# Programming for Chemistry 2025/2026 @ UniMI

![logo](logo_small.png "Logo")

## Lecture 06: Random numbers, file I/O, text processing

This lecture will deal with misc topics. Eventually we will finish the exercises from the previous lectures.

## 1. Random numbers
The **`random` module** in Python provides functions to generate random numbers and make random selections. It's built on a **pseudo-random number generator**, which means the numbers it produces are deterministic but appear random. This tutorial will cover its most common functions with practical examples.

### 1.1 Core functions
Here are the most frequently used functions in the `random` module:
* **`random.random()`**: Returns a random float between 0.0 and 1.0 (exclusive of 1.0). This is the fundamental building block for many other functions.
* **`random.randint(a, b)`**: Returns a random integer between a and b, **inclusive**. This is ideal for simulating dice rolls or picking a random number from a specific range.
* **`random.uniform(a, b)`**: Returns a random floating-point number between a and b. Unlike `random.random()`, you can specify the range.
* You can also generate random numbers according to a probability distribution. The most useful is `random.gauss(mu,sigma)`.


In [None]:
# you need to import the random module
import random

In [None]:
# Generate a random float between 0 and 1. Each time you execute the code, you will get different results
for i in range(10):
    print(random.random())

In [None]:
# generate a random integer between 1 and 6
print(random.randint(1,6))

In [None]:
# generate a random float between -1 and 1
print(random.uniform(-1.0, 1.0))

In [None]:
# generate random gaussian distributed numbers with average 9.0 and standard deviation of 0.2
for i in range(10):
    print(random.gauss(9.0, 0.2))

Each time you run the code you get different random numbers. If you need the same sequence of random numbers to check that your results are reproducible, you can initialize a **random seed**.

In [None]:
# each time you execute the cell without changing seed, you'll get the same results
random.seed(1492)

for i in range(10):
    print(random.randint(1, 10))

The Python `random` module has some useful functions that work on lists and tuples:
* **`random.choice(sequence)`**: Returns a random item from a non-empty sequence, such as a list or a string.
* **`random.shuffle(x)`**: Shuffles the items of a list in place. This means it modifies the original list and doesn't return a new one. This is perfect for shuffling a deck of cards.
* **`random.sample(population, k)`**: Returns a new list containing **k** unique items chosen from the population sequence or set. It's useful for drawing multiple non-repeating items, like drawing lottery numbers.

In [None]:
# Select a random color from a list
colors = ['red', 'blue', 'green', 'yellow']
random_color = random.choice(colors)
print(f"Random color: {random_color}")

# Select a random letter from a string
random_letter = random.choice("Hello, World!")
print(f"Random letter: {random_letter}")

In [None]:
cards = ['Ace', 'King', 'Queen', 'Jack']
random.shuffle(cards)
print(f"Shuffled cards: {cards}")

In [None]:
# Pick 5 unique numbers from 1 to 90 for a lottery
lottery_numbers = random.sample(range(1, 91), 5)
print(f"Lottery numbers: {lottery_numbers}")
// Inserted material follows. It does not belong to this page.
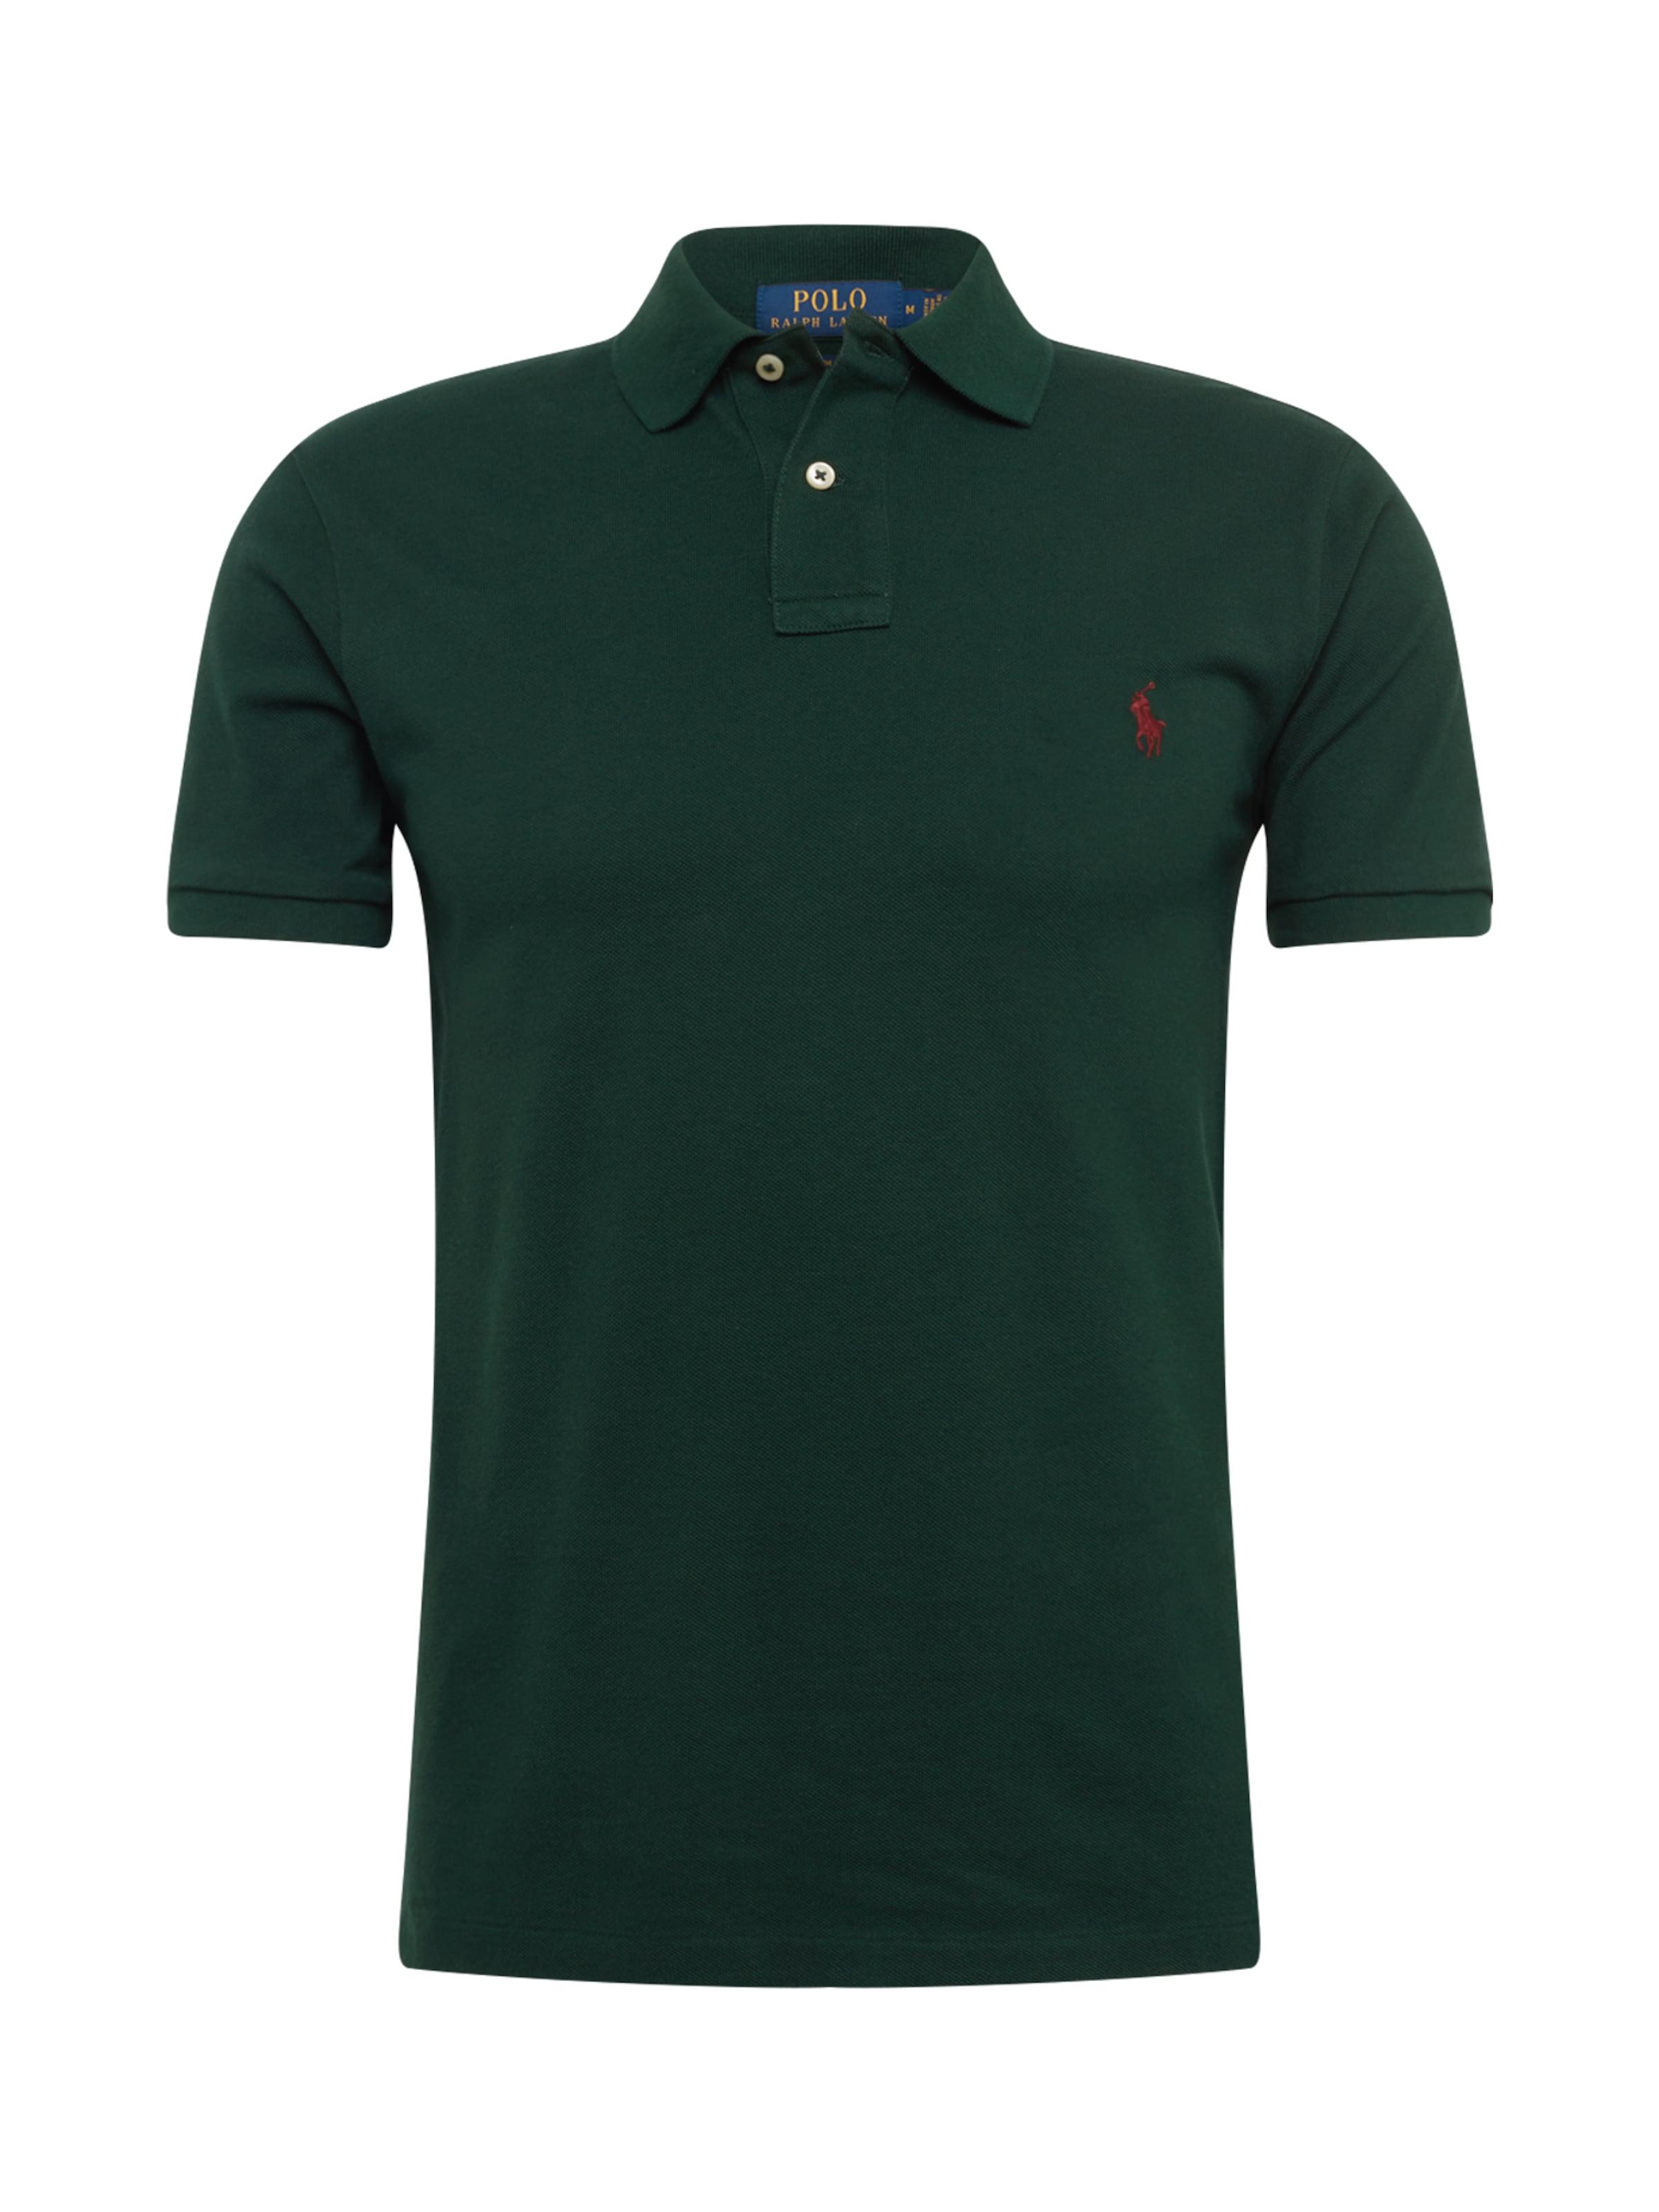 En shirt Polo Foncé Lauren 'sskcslm1 T Ralph knit' short Sleeve Vert qUVzMpS

### Exercise 1: Roll one die
Roll one die 1000 times, and check that probability of each number is close to 1/6

In [None]:
# insert code here

### Exercise 2: Roll two dice
At least 1000 times and check that the probability is peaked in the middle. Print a sort of histogram of the probability.

In [None]:
# insert code here

### Exercise 3: Monte Carlo integration
Generate a pair of random floats in $[0,1]$ and estimate the area of a quarter of circle by counting how many pairs are inside the unit circle. Note that this is not the most efficient way to estimate $\pi$.

In [None]:
import math

def monte_carlo_pi(num_points):
   # insert code here

In [None]:
approx_pi = monte_carlo_pi(10_000_000)
print(f"Approximation of pi: {approx_pi:.15f}")
print(f"Exact pi:            {math.pi}")

### Exercise 4: random password generator
Generate a secure password with a mix of character types: letter, digits and punctuation. You can use **`random.choice()`** and **`random.shuffle()`** to generate one.

In [None]:
def generate_password(length=12):
    # insert code here

In [None]:
print(generate_password(8))

## 2. Files I/O & text processing
Working with files is a fundamental part of programming in Python. Python provides built-in functions to handle files, allowing you to **read from**, **write to**, and **modify** them.

Files can be **text** or **binary** files. Text files are human readable and contain only printable characters and numbers. Binary files are used for images, videos, sound, documents, compressed data. We will mostly work with text files.

### 2.1 Opening and Closing Files

To interact with a file, you first need to **open** it. The `open()` function is used for this purpose. It takes two primary arguments: the **file path** and the **mode** in which you want to open the file. The most common modes are:

  * `'r'` - **Read mode** (default). Used for reading content from a file.
  * `'w'` - **Write mode**. Creates a new file or overwrites an existing one.
  * `'a'` - **Append mode**. Adds new content to the end of a file without erasing the existing content.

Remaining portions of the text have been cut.